Fast forward a few months, and the project has been resurrected by a third party. The code has been almost completely rewritten, and seems to have much fuller support for all the esoteric options I hadn’t needed. Oh, and the reply sent to my bug report never reached me, so I didn’t see any of this until just recently.

Of course, the released version _still_ didn’t have some rather important features I’d added, (it’s in trunk) and because of the rewrite, my diffs were now completely useless. And of course, the API has changed.

So where do I go now? Do I toss my local fork, resync with the “master” and try and get back on the train with the current open source base? Ignore it, and stay with my functional, working, battle tested, but feature limited version? (To be clear, my work mostly requires working with just escaped API mode, tx/rx only.

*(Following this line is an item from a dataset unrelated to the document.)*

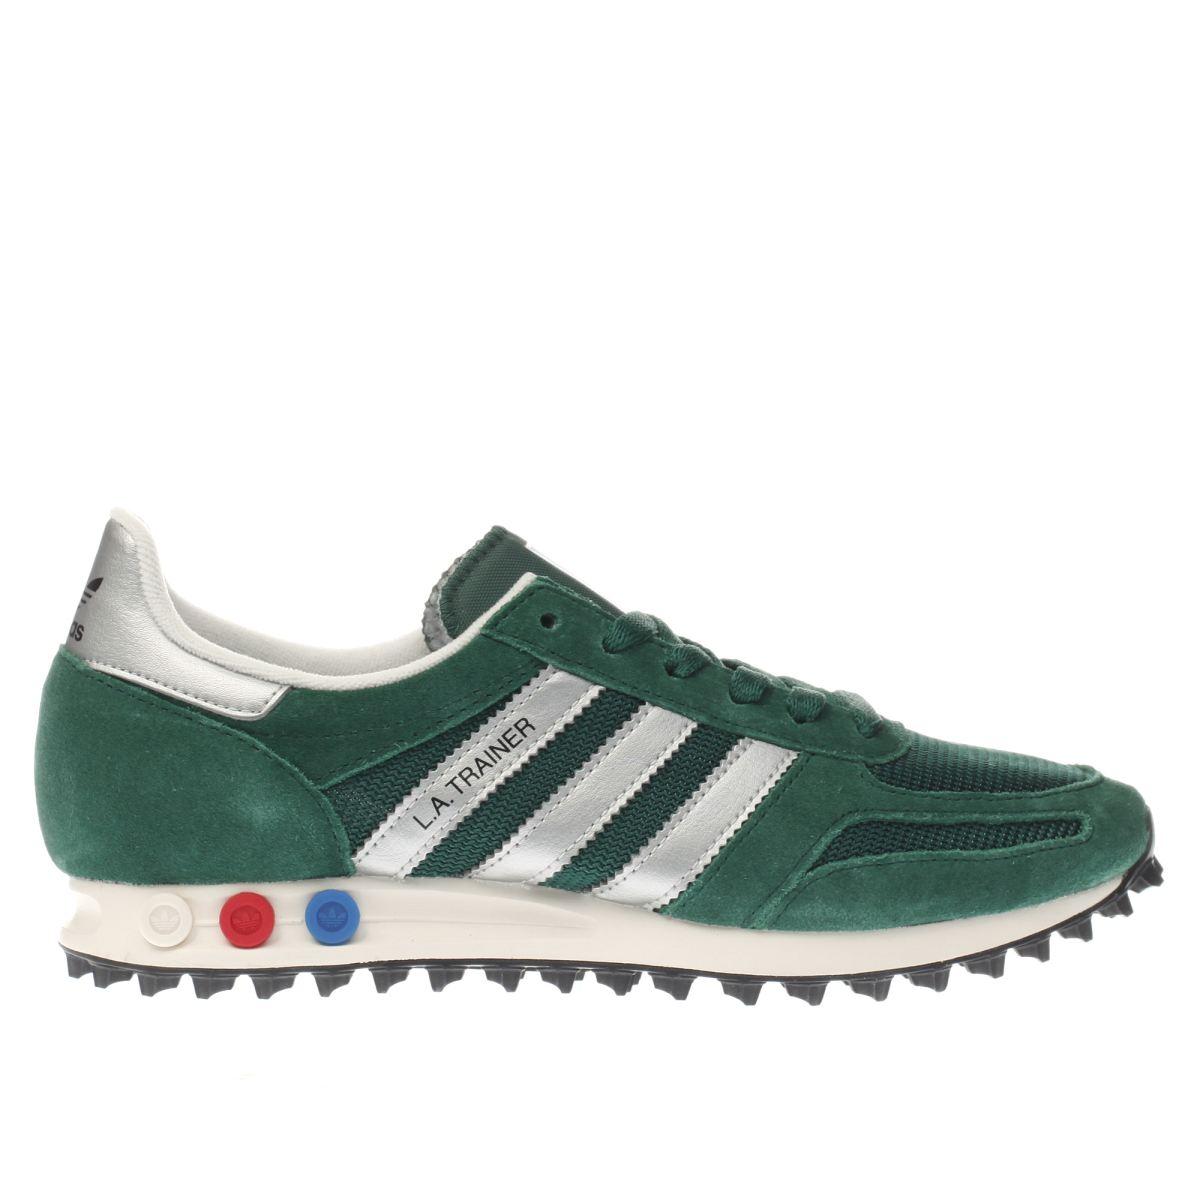 adidas green la trainer og trainers

The current xbee python project also supports transparent uart, remote AT commands, and remote IO transfer and ADC readings)

Seems like a bit of a loss all around really :( Should I have tried harder to get in contact with the original developer to get my patches in earlier? How much time should you really spend trying to patch open source software and how much time should you spend using it?

I’m well aware of the massive cost of maintaining local forks, if you actually do want the new features, but sometimes it just doesn’t seem worth it :(

FWIW, my version is still at github, and still very much in use here at home.